What you will do
Copy each entry below verbatim. Skip the pictures.

Data records

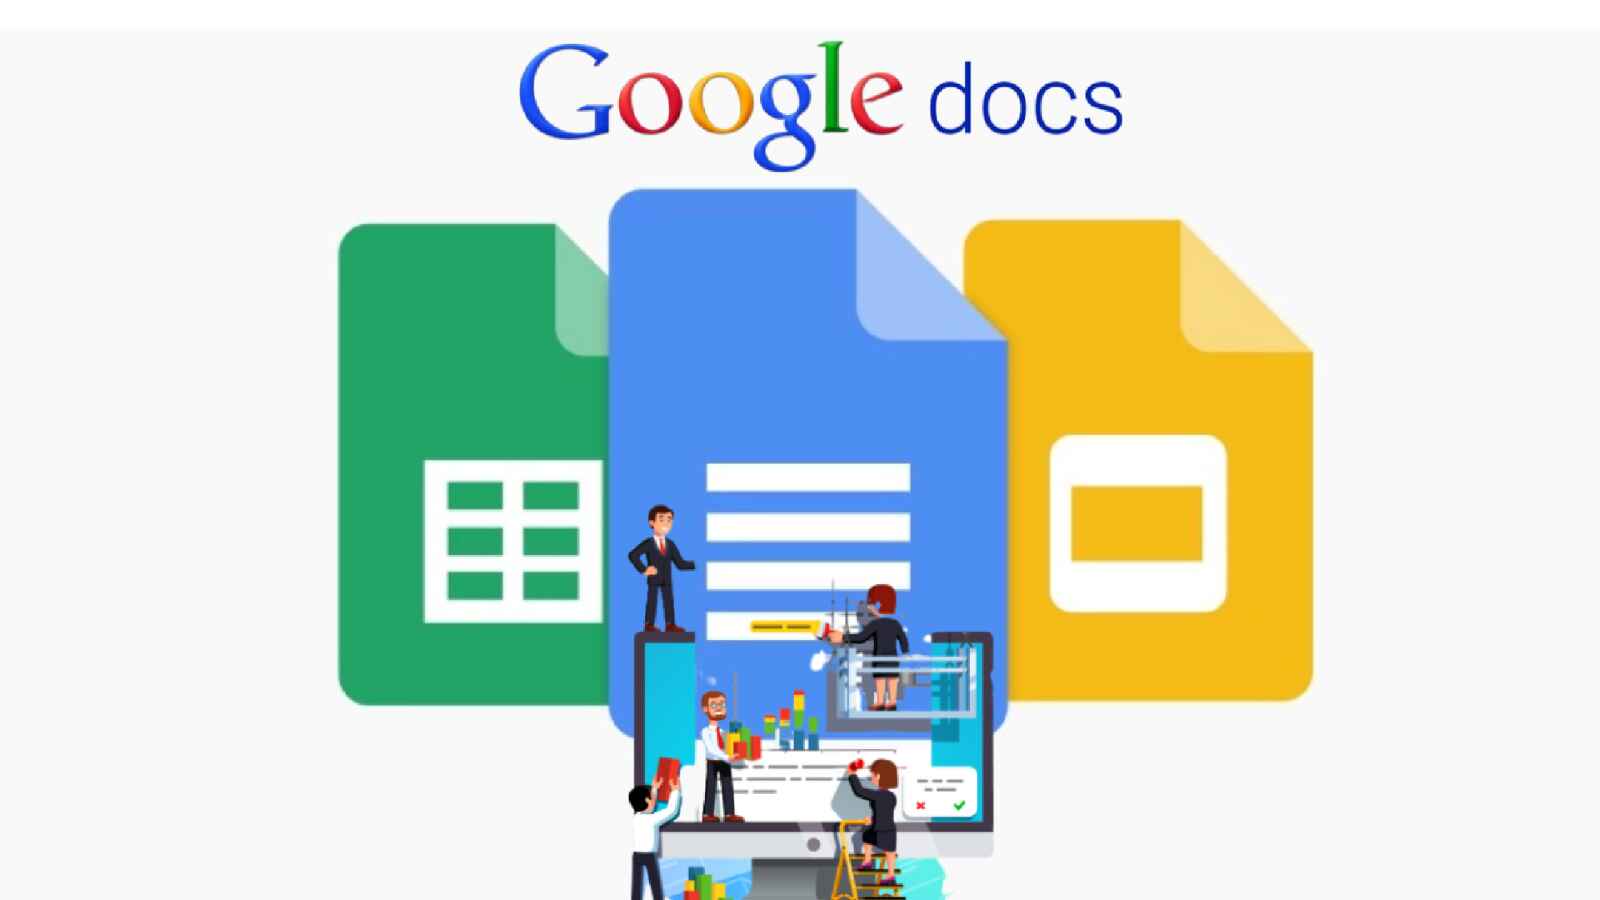 How To Download A Image From Google Docs
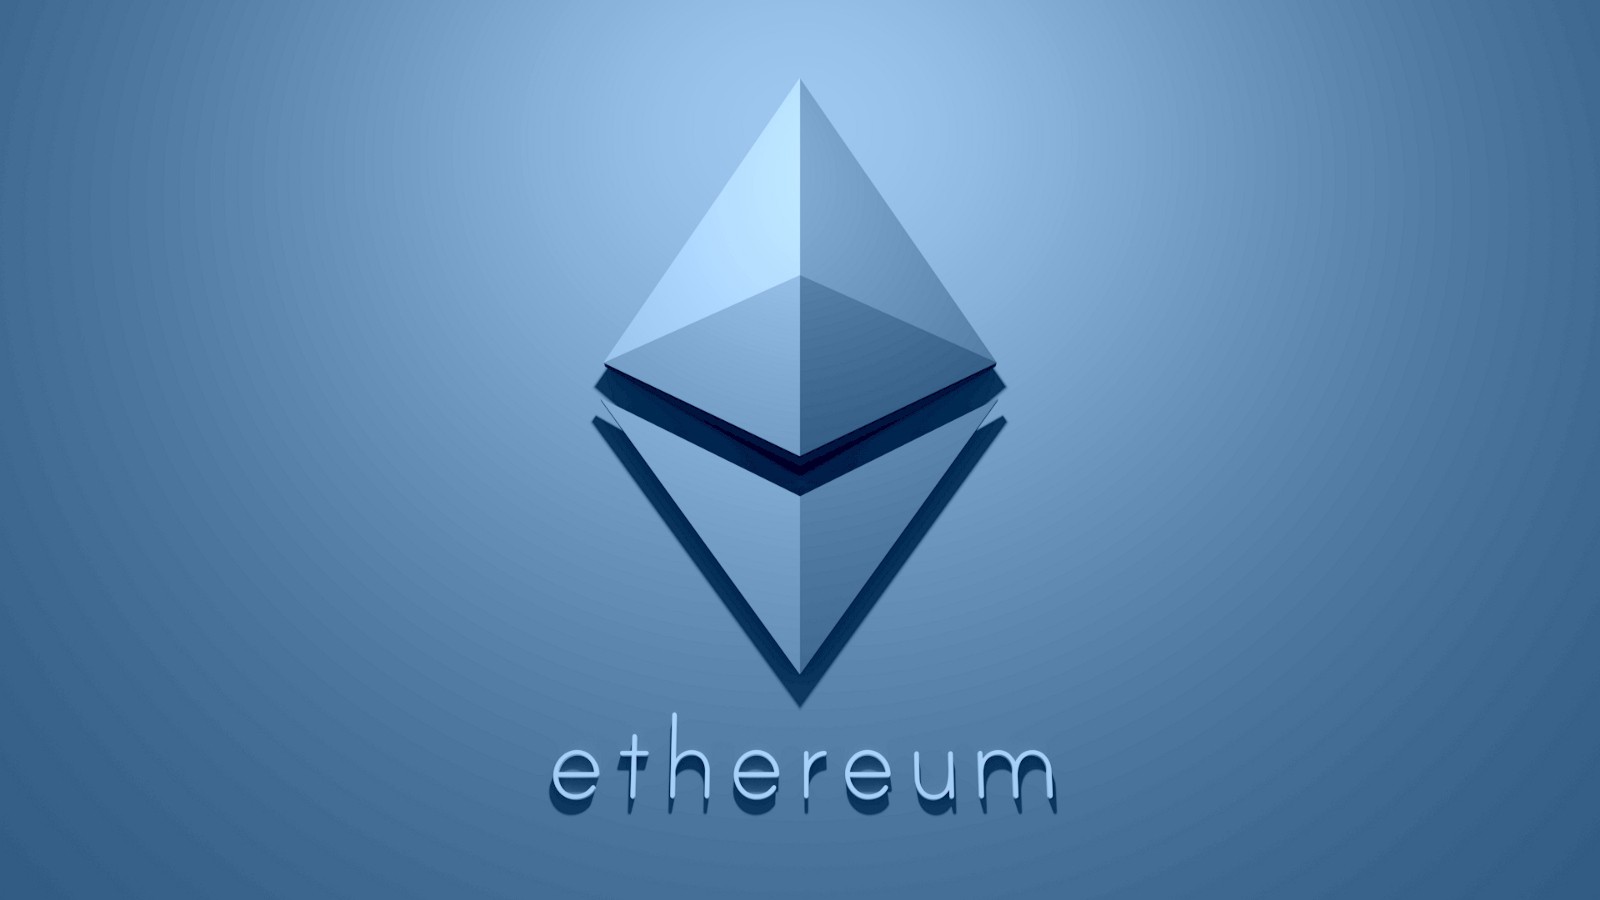 Ethereum Foundation Launches Exciting New Web3 Project
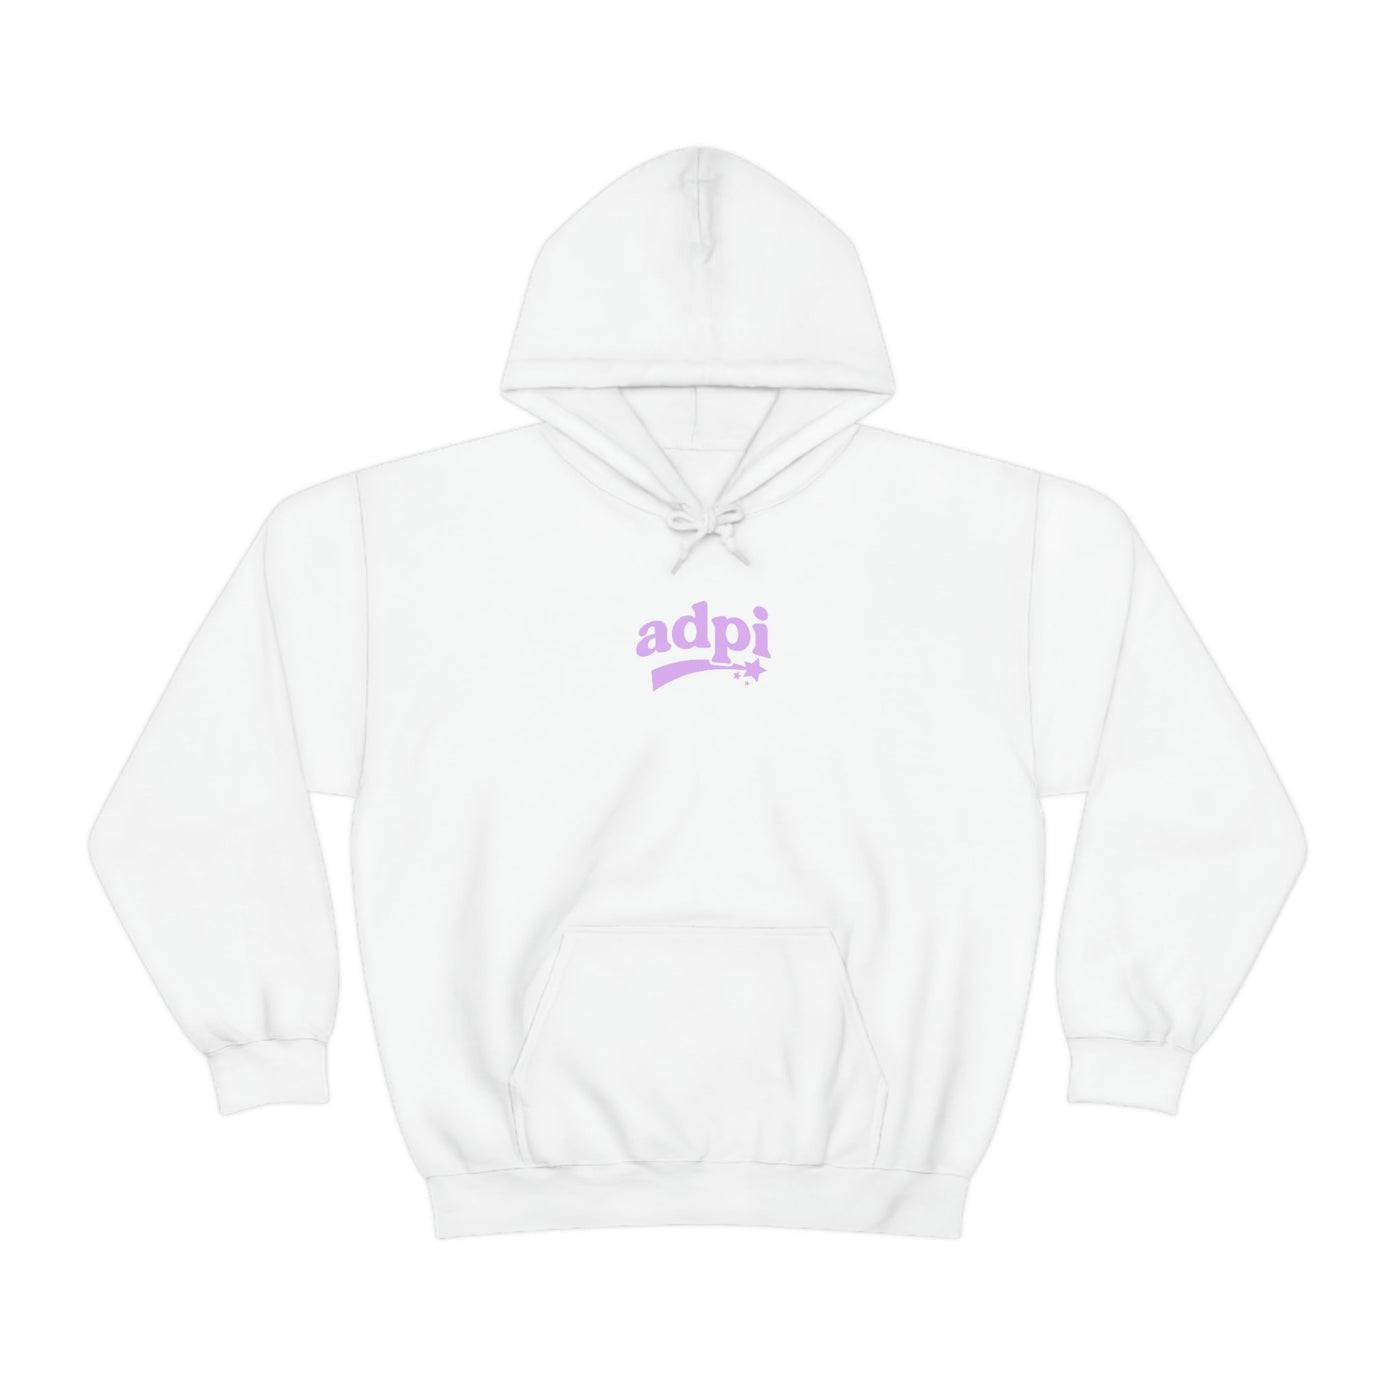 Alpha Delta Pi Planet Hoodie | Be Kind to the Planet Trendy Sorority Hoodie
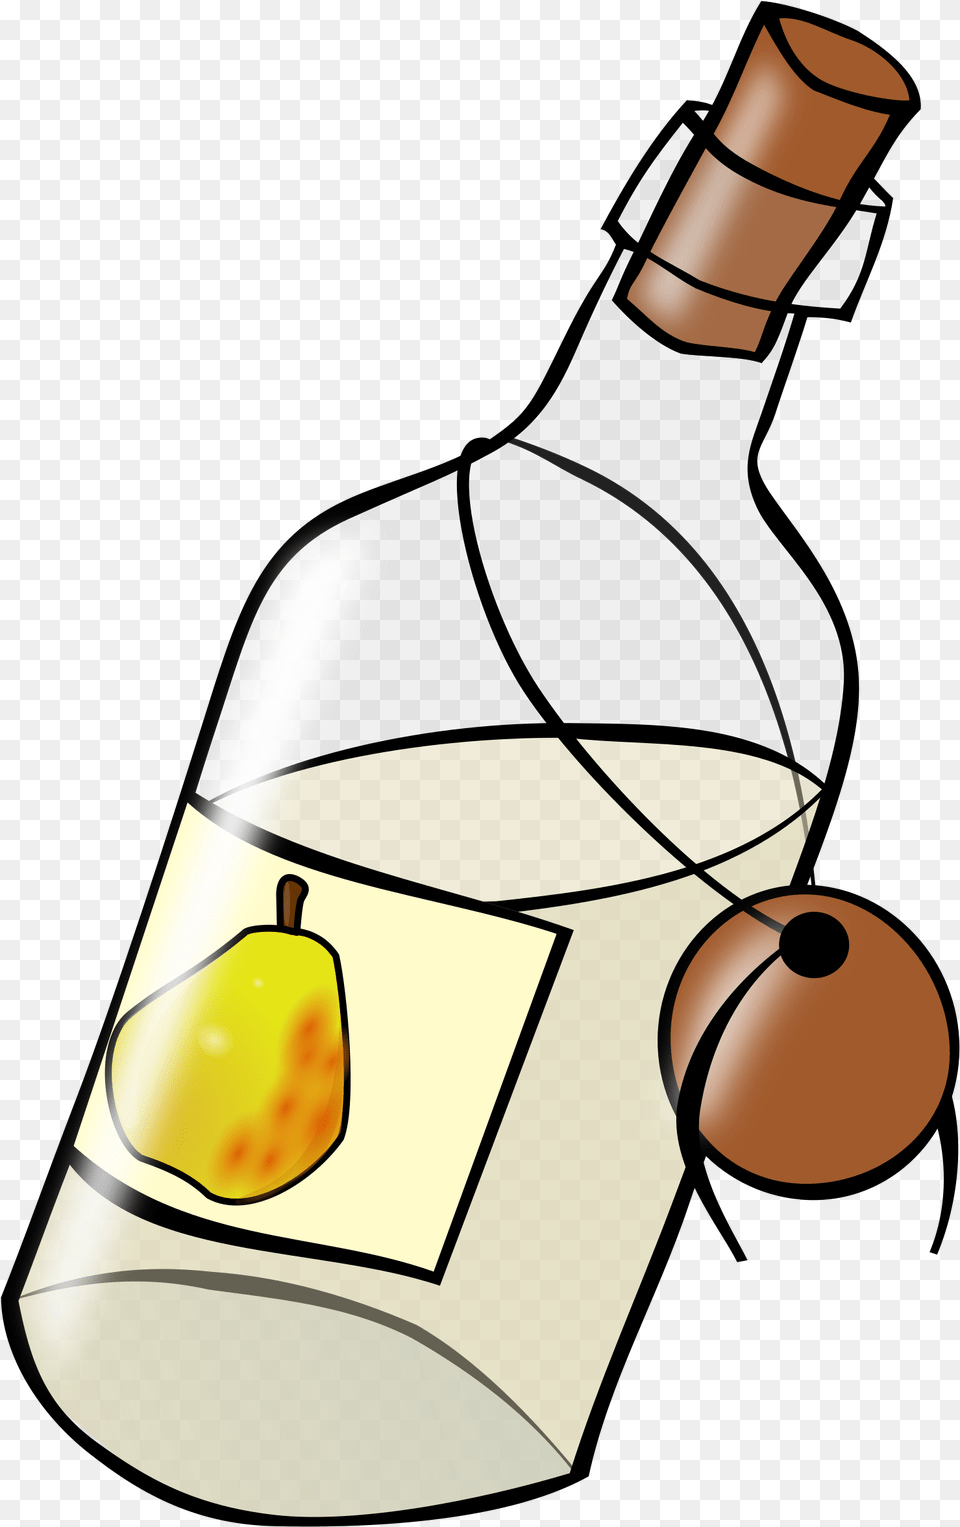 This Icons Design Of Bottle With Moonshine, Alcohol, Wine, Liquor, Beverage Png
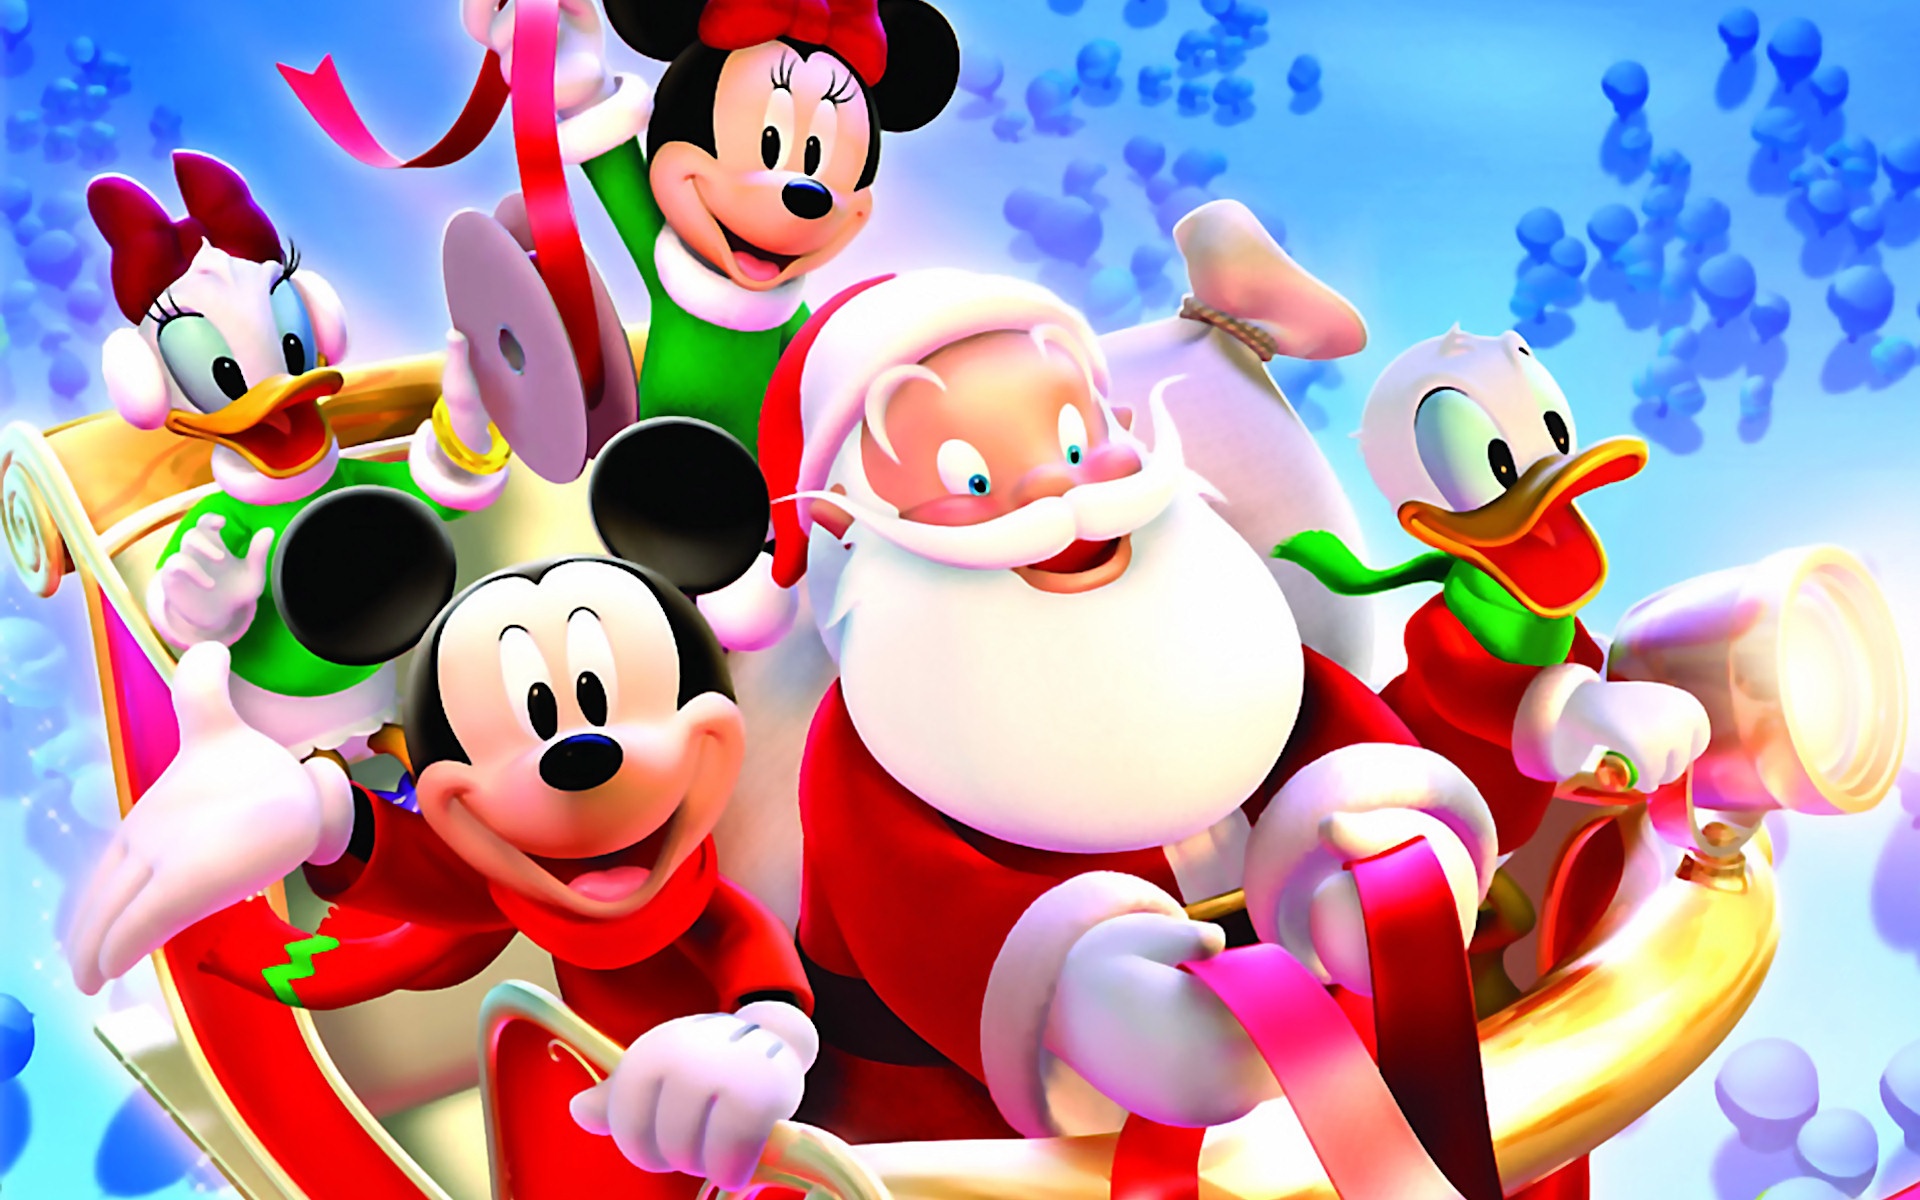 Disney Merry Christmas And Happy New Year - HD Wallpaper

Exercise result
 How To Download A Image From Google Docs
 Ethereum Foundation Launches Exciting New Web3 Project
 Alpha Delta Pi Planet Hoodie | Be Kind to the Planet Trendy Sorority Hoodie
 This Icons Design Of Bottle With Moonshine, Alcohol, Wine, Liquor, Beverage Png
 Disney Merry Christmas And Happy New Year - HD Wallpaper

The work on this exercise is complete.